## Data below
· · ·

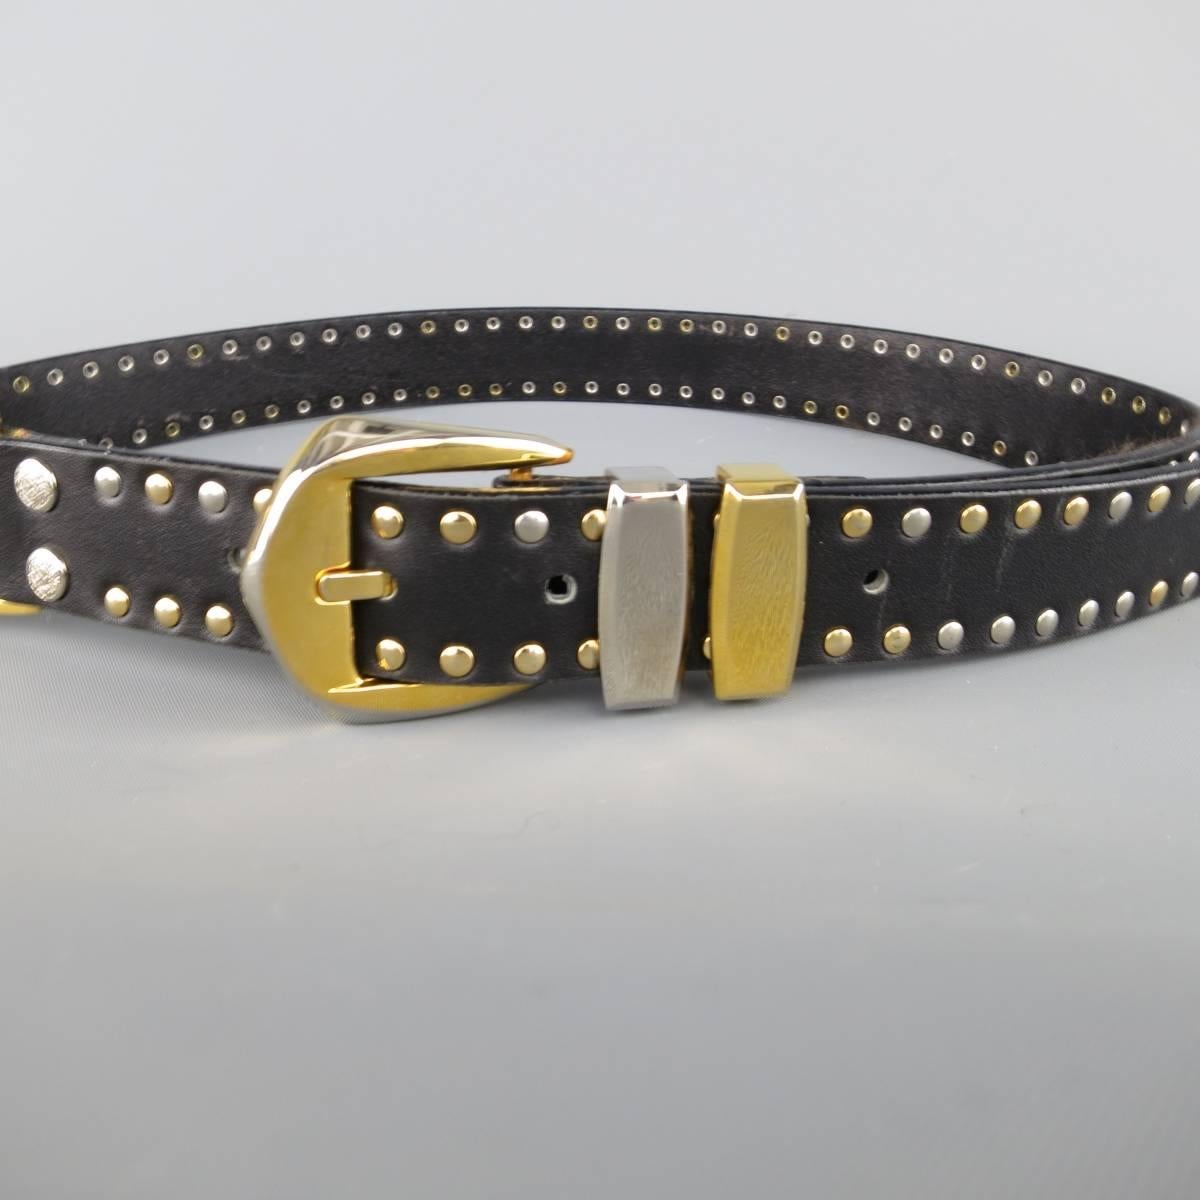 Vintage 1990's GIANNI VERSACE statement belt features a black silver & gold tone studded leather strap with Medusa emblem piece and Western style belt buckle. Made in Italy.
 
Excellent Pre-Owned Condition.
Marked: 75 / 30
 
Length: 37

· · ·

## Problem requirements
Write out all the data exactly, minus pictures.

## Solution for this exercise
 Vintage 1990's GIANNI VERSACE statement belt features a black silver & gold tone studded leather strap with Medusa emblem piece and Western style belt buckle. Made in Italy.
 
Excellent Pre-Owned Condition.
Marked: 75 / 30
 
Length: 37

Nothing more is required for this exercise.